Given entries ▸

☆ ☆ ☆ ☆

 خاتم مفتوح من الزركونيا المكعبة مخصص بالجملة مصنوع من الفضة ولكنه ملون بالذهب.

☆ ☆ ☆ ☆

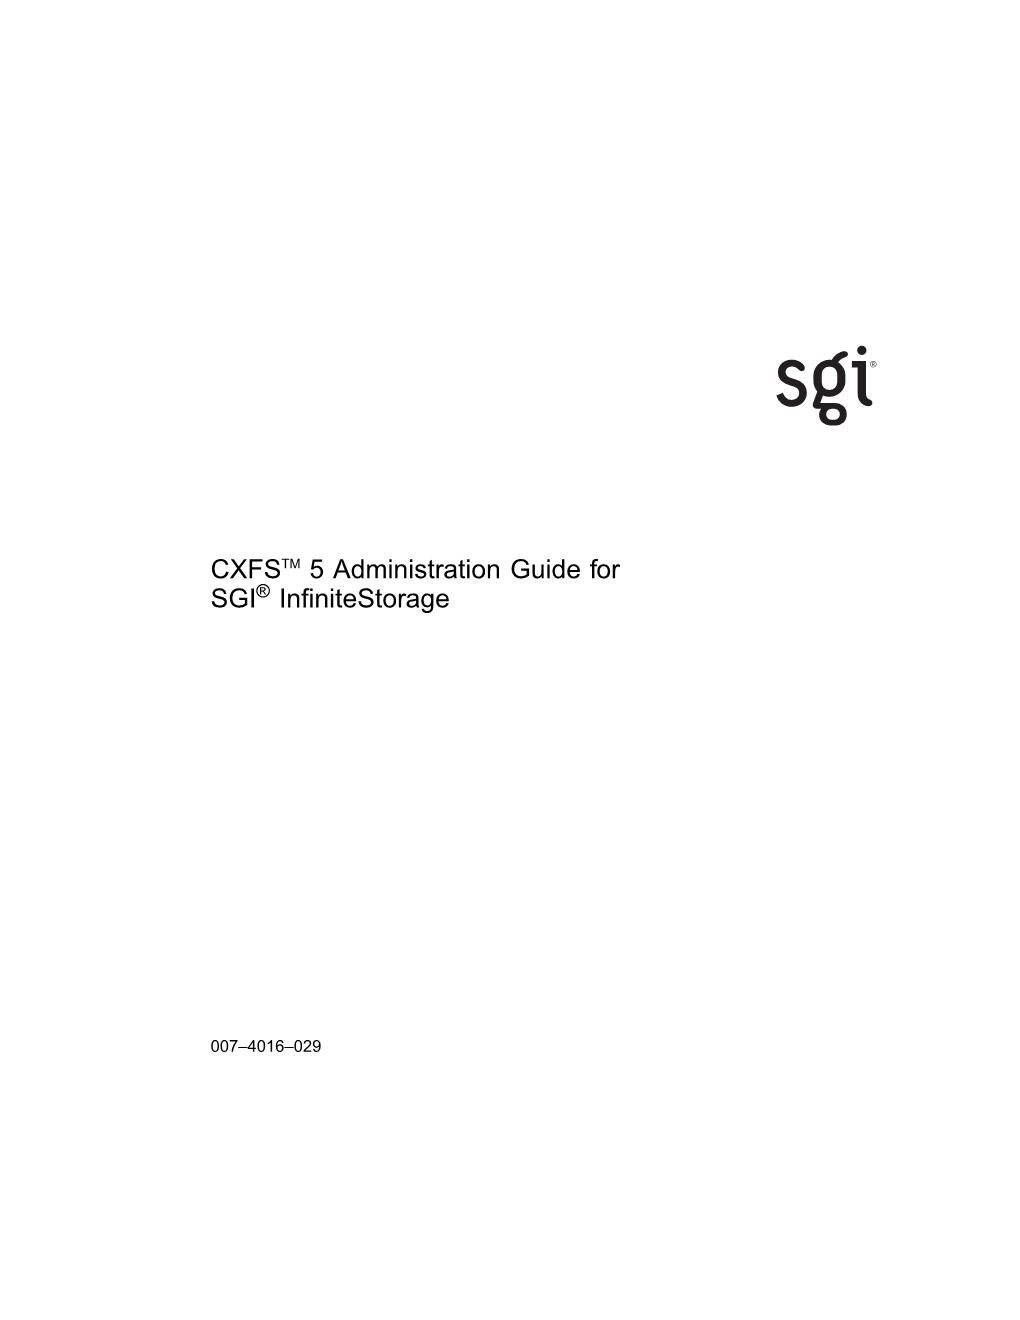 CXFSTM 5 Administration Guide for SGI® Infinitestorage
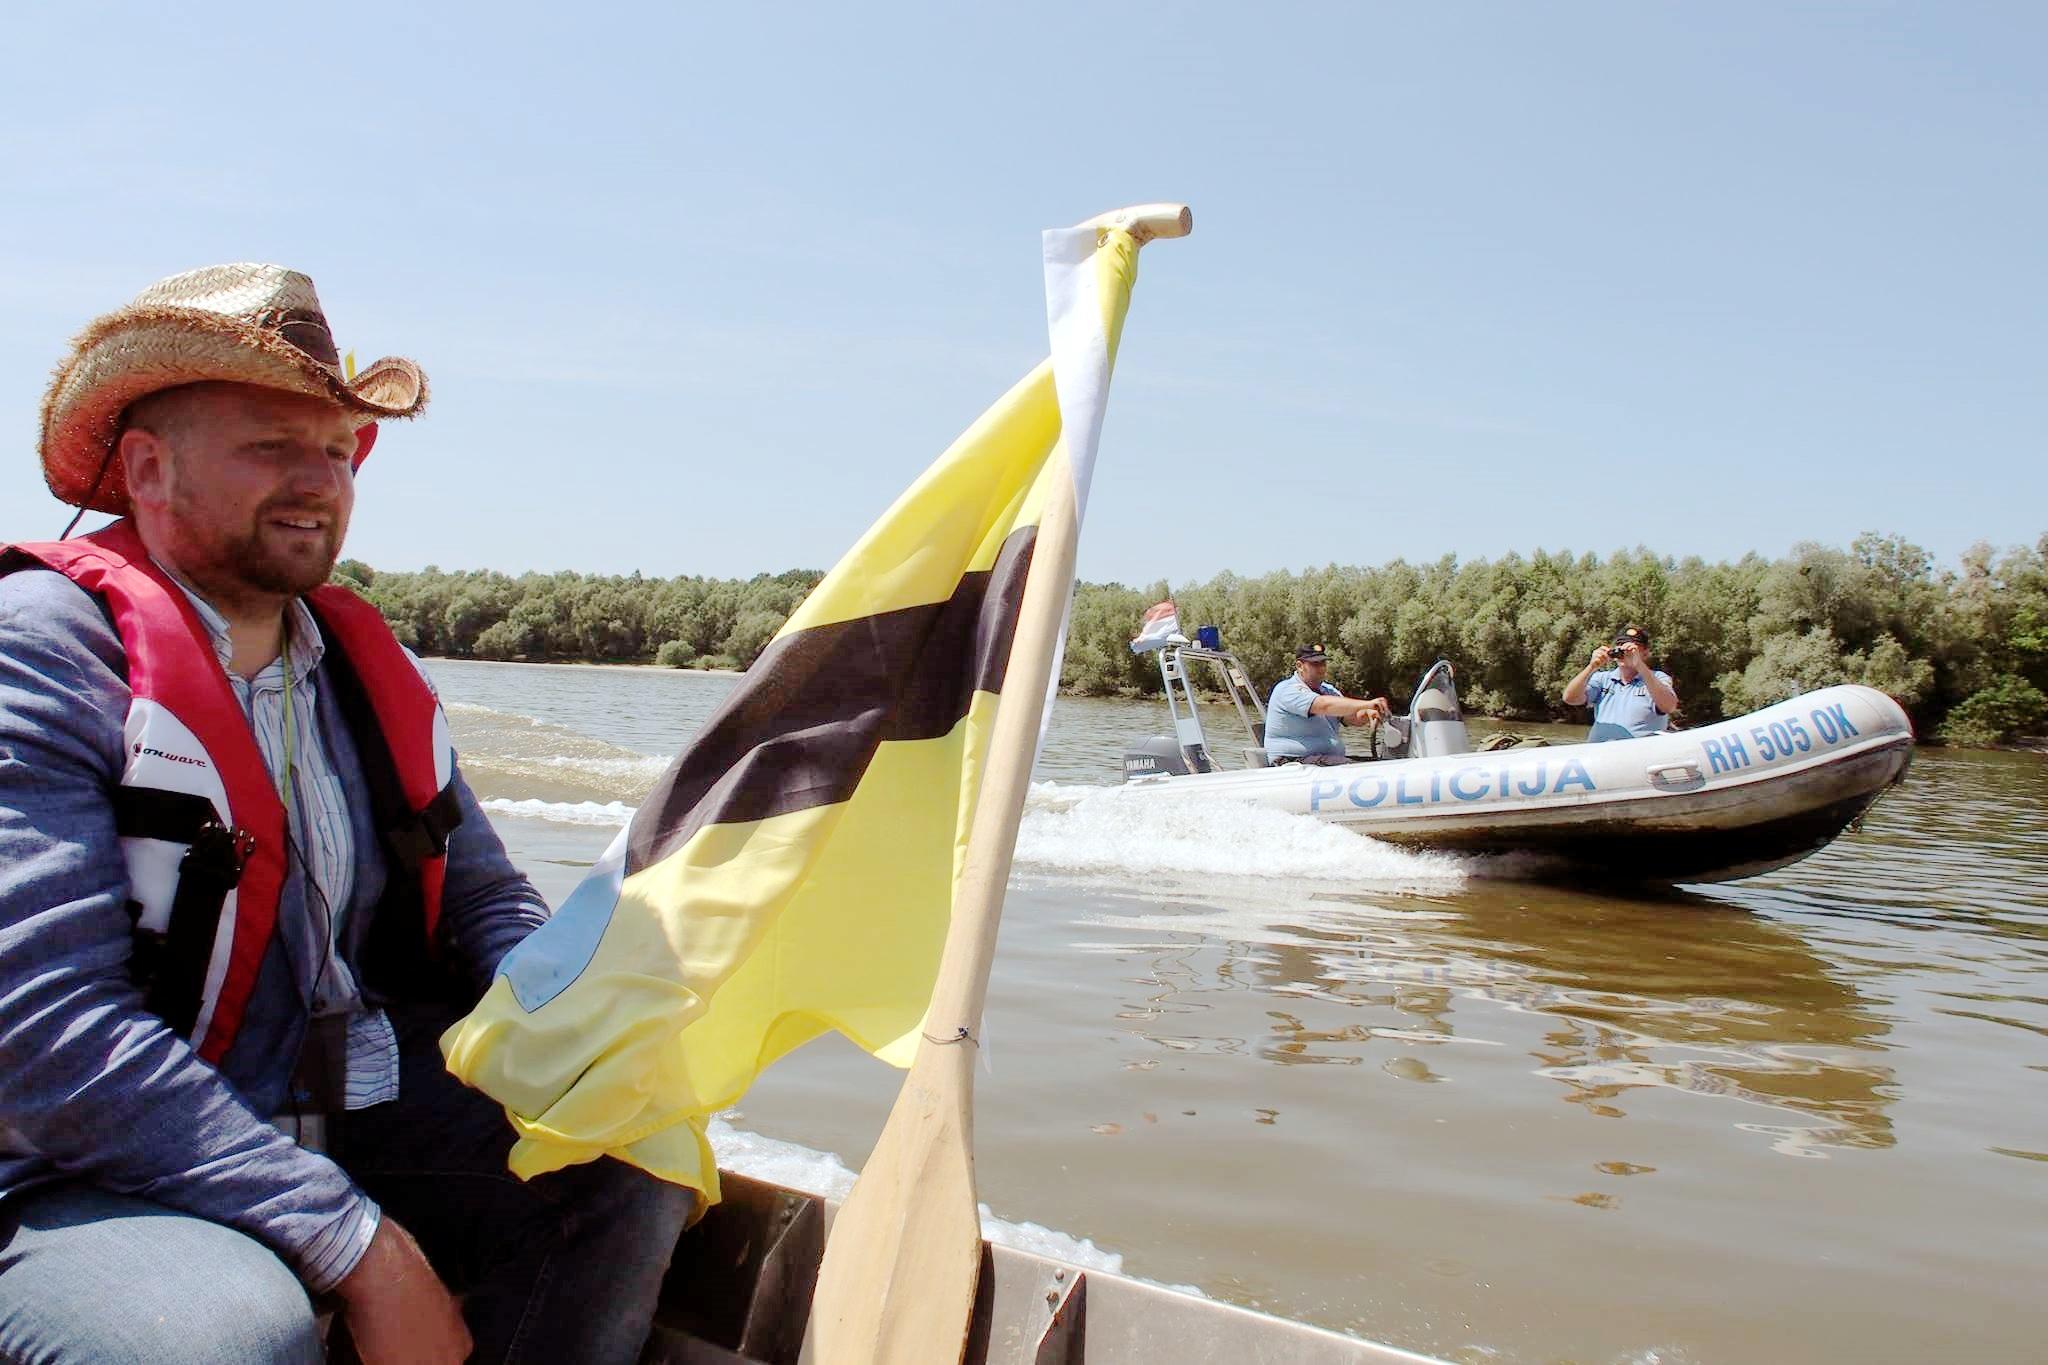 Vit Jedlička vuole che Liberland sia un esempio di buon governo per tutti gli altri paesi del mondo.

☆ ☆ ☆ ☆

Your task ▸ Reproduce exactly the lines above that run from the one with "CXFSTM 5 Administration" to the one with "Vit Jedlička vuole", both included, leaving pictures out.

Exercise response ▸
 CXFSTM 5 Administration Guide for SGI® Infinitestorage
 Vit Jedlička vuole che Liberland sia un esempio di buon governo per tutti gli altri paesi del mondo.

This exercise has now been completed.